The summer of 1979 was a summer of horror in Columbus, Ohio: The Amityville Horror, Prophecy, Phantasm and Nightwing were all playing in June and July of 1979. The first ad for Amityville is for a sneak preview (June 22) the week before it opened. I saw it that next week, on opening night at Loews Southland Triplex. It was packed, and they ended up showing it in two auditoriums. We were herded all the way through one packed house, and wound up with practically the last three seats in the second house, in the front row. My neck got sore from looking up, but it did enhance the scariness of the movie. 
 Never saw Nightwing but I think I read the book
Saw Phantasm during this engagement at the Westerville theater. A B-movie marketed like an A-movie. Not bad.
I've never seen this, unless I did and it fell between my memory cracks.
For good measure, here's Star Crash, a sci-fi cheapie that, inexplicably, features Christopher Plummer in a role that probably took him 2 days to shoot.

Friday, July 5, 2019

Independence Day, 50 years ago

Below is a hodgepodge of movies playing on or around July 4th, 1969, a couple of weeks before the Apollo 11 moon landing: In Columbus, The Maltese Bippy, which killed the movie career of TV's Rowan and Martin before it really had a chance. I've seen it; it's pretty dire.

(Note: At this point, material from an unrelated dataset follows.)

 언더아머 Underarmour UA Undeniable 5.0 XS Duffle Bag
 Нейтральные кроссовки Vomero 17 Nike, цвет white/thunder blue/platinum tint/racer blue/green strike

The Swedish movie, I Am Curious (Yellow), which was one of the first adult films to play in respectable theaters--in Columbus, it was at the local art houses which alternated between showing foreign movies and porn.
Goodbye, Columbus, based on a Philip Roth novel, and Bob Fosse's first movie, Sweet Charity.
 
Also in Columbus: True Grit, How to Commit Marriage, and a second-run of Funny Girl

In New York City, a couple of less-remembered melodramas: 3 Into 2 Won't Go and That Cold Day in the Park (notice the description of the "32-year-old spinster"; that would never fly today.

Finally, a classy ad for True Grit, at Radio City Music Hall, complete with splashy live stage show, which I'm surprised they were still doing. Apparently, the live shows continued right up until they closed down as a movie theater in 1978.